The case
Alcon v. Barr was a Hatch-Waxman matter, with Alcon losing on infringement, but surviving as to validity. The discussion of enablement and written description is of interest.
From within:
Critically, however, the district court found, and the parties do not dispute on appeal, that the composition of the generic product proposed in Barr’s ANDA is significantly different from the compositions tested in Alcon’s study. Alcon, 837 F. Supp. 2d at 376; J.A. 6984, 6991. The test formulations used by Alcon to compile the data in Table 7 were maintained at pH 6.0–6.1 and contained, inter alia, 0.005% weight by volume of travoprost, varying concentrations of PECO, the antimicrobial preservative benzalkonium chloride, and a buffer solution comprising tromethamine, boric acid, and mannitol. Id. In contrast, the generic product proposed in Barr’s ANDA is main- tained at a different pH, is composed of 0.004% weight by volume of travoprost and a buffered preservative system comprising propylene glycol, sorbitol, and zinc chloride, but does not contain benzalkonium chloride or a tro- methamine/boric acid/mannitol buffer solution. Id. Alcon itself admitted that variation in parameters including pH, preservatives, and buffers can have a substantial impact on the chemical stability of a prostaglandin in an ophthalmic formulation. Id. at 376–77; Appellant Br. 39; J.A. 5539–40, 5985. (...)

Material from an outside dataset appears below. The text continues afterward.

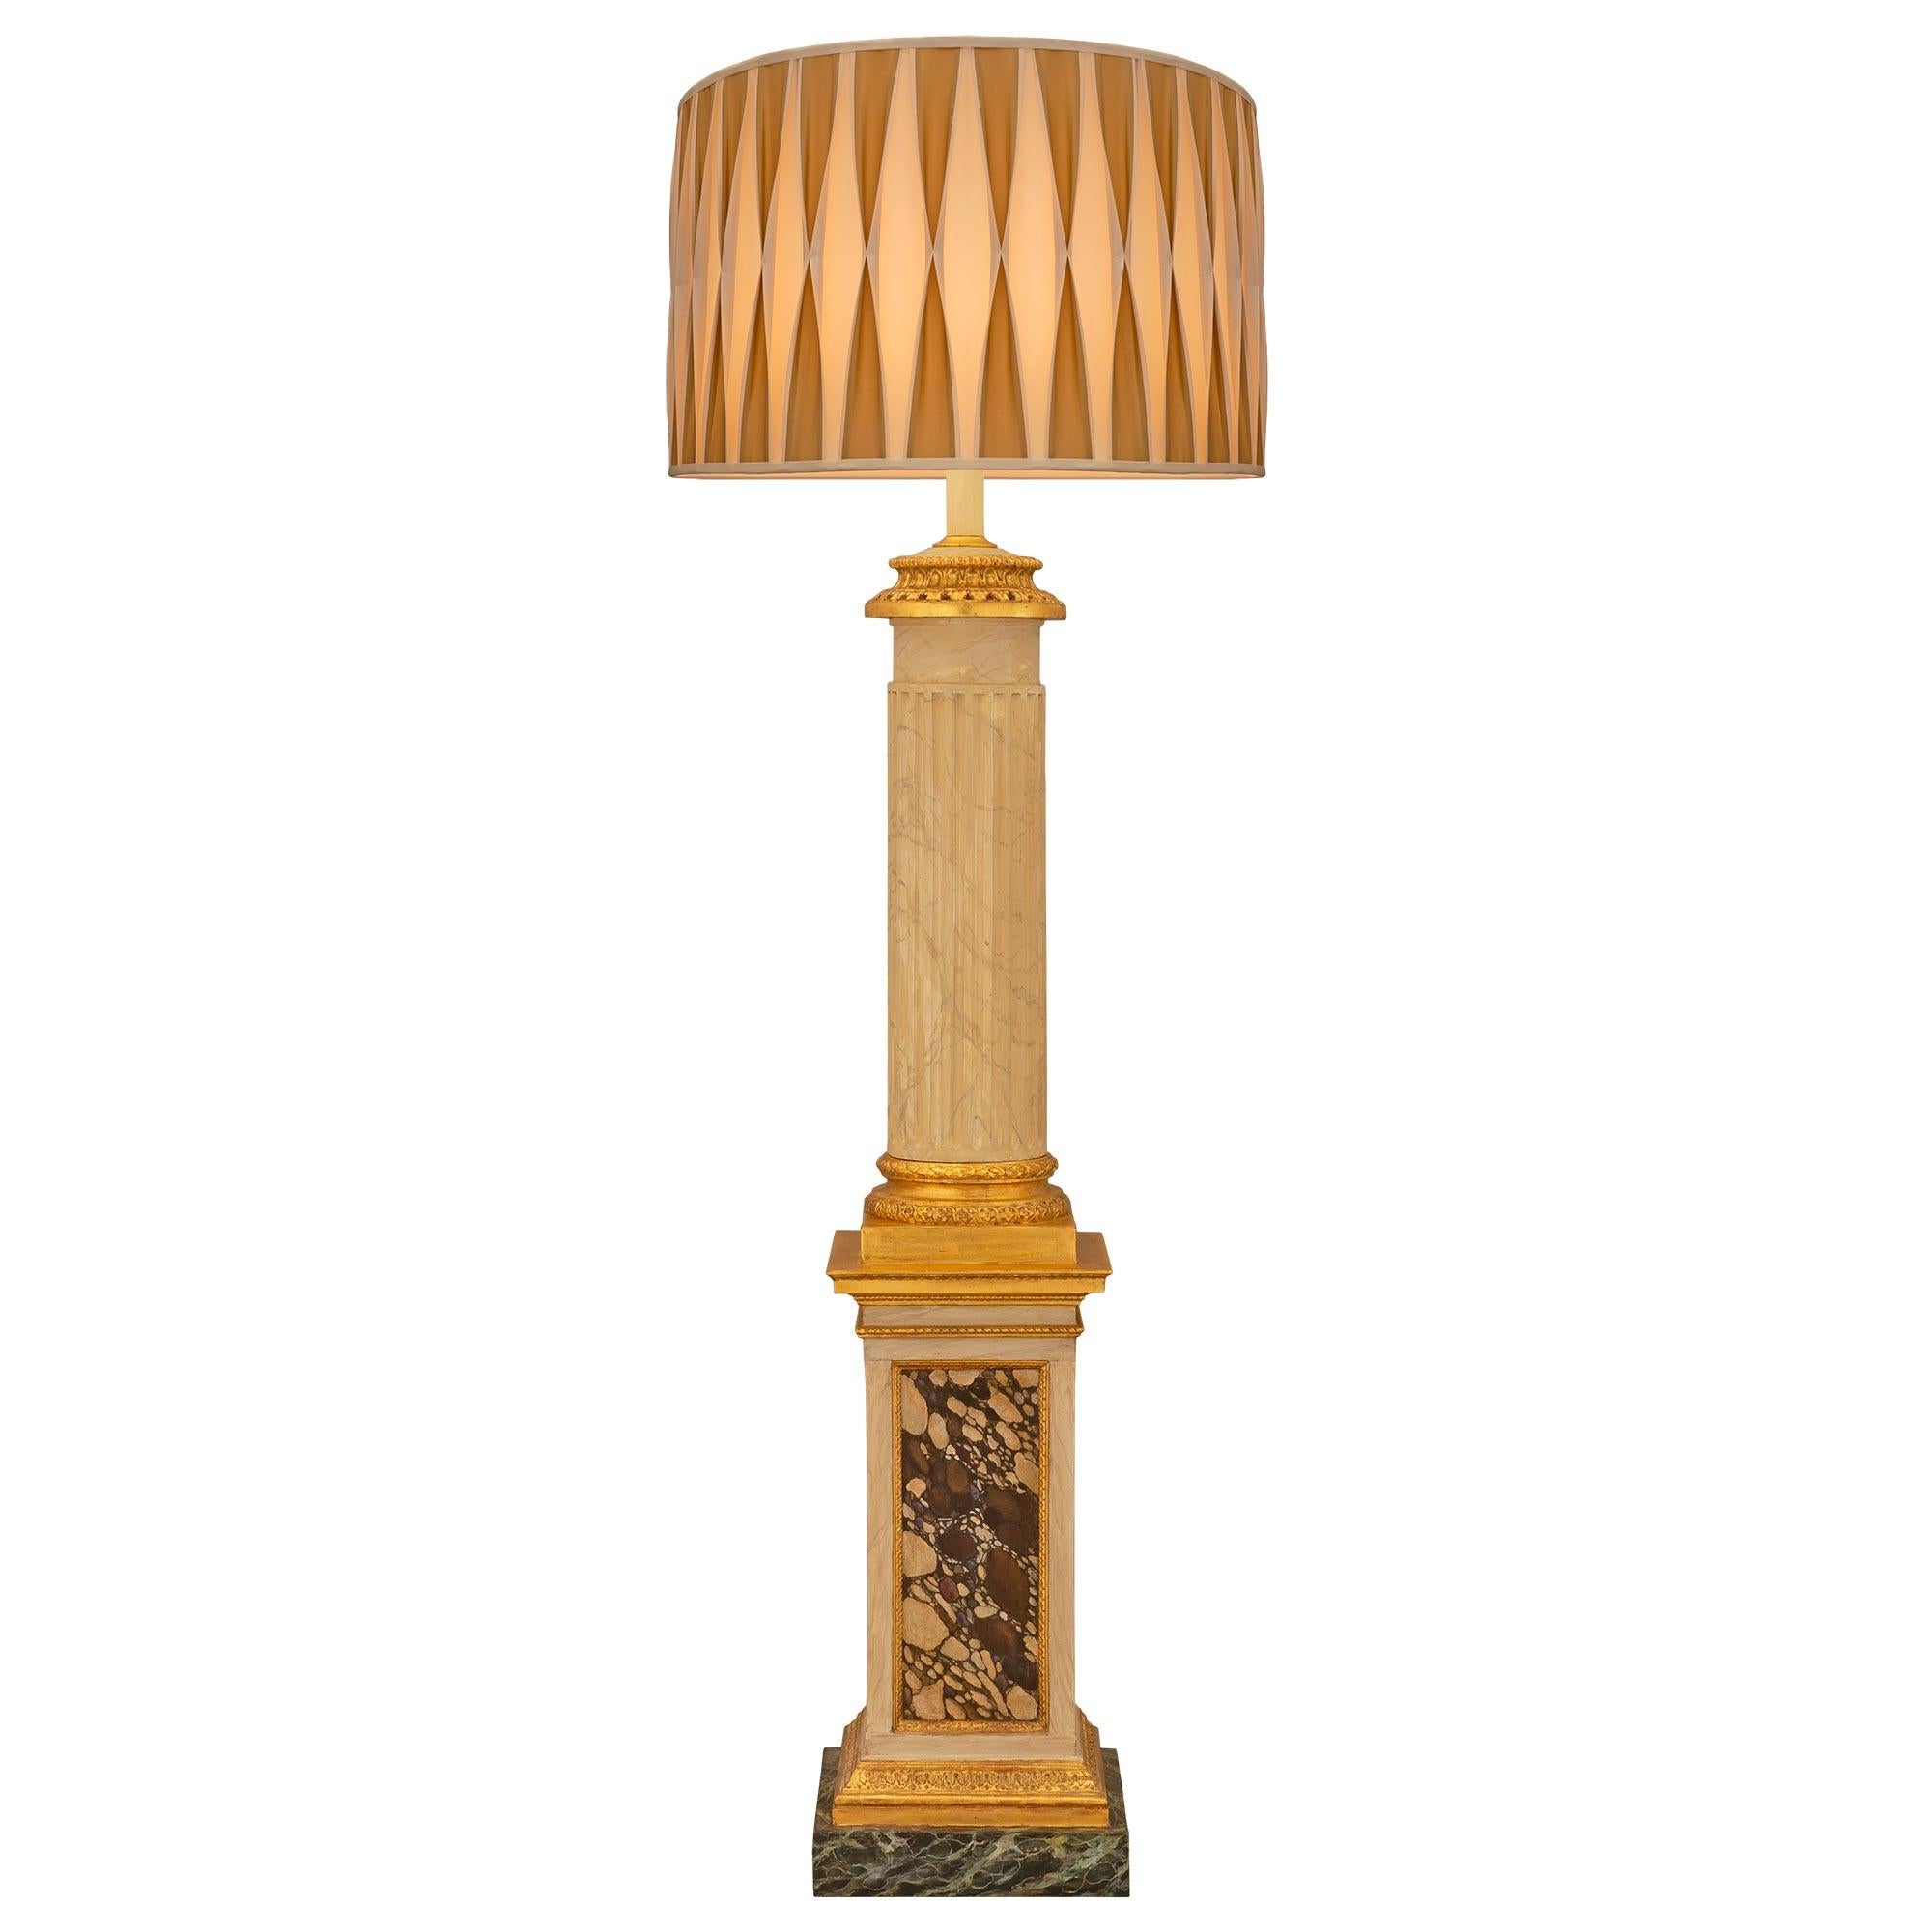 Impressionnant lampadaire néoclassique italien du XVIIIe siècle en bois patiné, bois doré et faux marbre peint. Le lampadaire repose sur une magnifique base carrée en faux marbre Verde Antico peint, sous un élégant bandeau en bois doré tacheté et

We thus conclude that the district court did not clearly err in finding that the data in Alcon’s Table 7 had no bearing on whether Barr’s proposed generic product infringed Alcon’s patents. The formulations tested in Alcon’s stability study were meaningfully different from the product described in Barr’s ANDA and thus provided no basis from which to draw any reliable inferences regarding whether the PECO in Barr’s composition would chemically stabilize the prostaglandin. See Lucent Tech., Inc. v. Gateway, Inc., 543 F.3d 710, 722–24 (Fed. Cir. 2008) (recognizing that overly speculative circumstantial evidence will not suffice to prove infringement).
As to section 112
Section 112 of the patent statute describes what must be contained in a patent specification. Among other requirements, it must contain “a written description of the invention, and of the manner and process of making and using it . . . [such] as to enable any person skilled in the art to which it pertains, . . . to make and use the same . . . .” 35 U.S.C. § 112, ¶ 1 (2006). Thus, this statutory language mandates satisfaction of two separate and independent requirements: an applicant must both de- scribe the claimed invention adequately and enable its production and use. Ariad Pharm., Inc. v. Eli Lilly & Co., 598 F.3d 1336, 1344 (Fed. Cir. 2010) (en banc); Vas-Cath Inc. v. Mahurkar, 935 F.2d 1555, 1562–63 (Fed. Cir. 1991).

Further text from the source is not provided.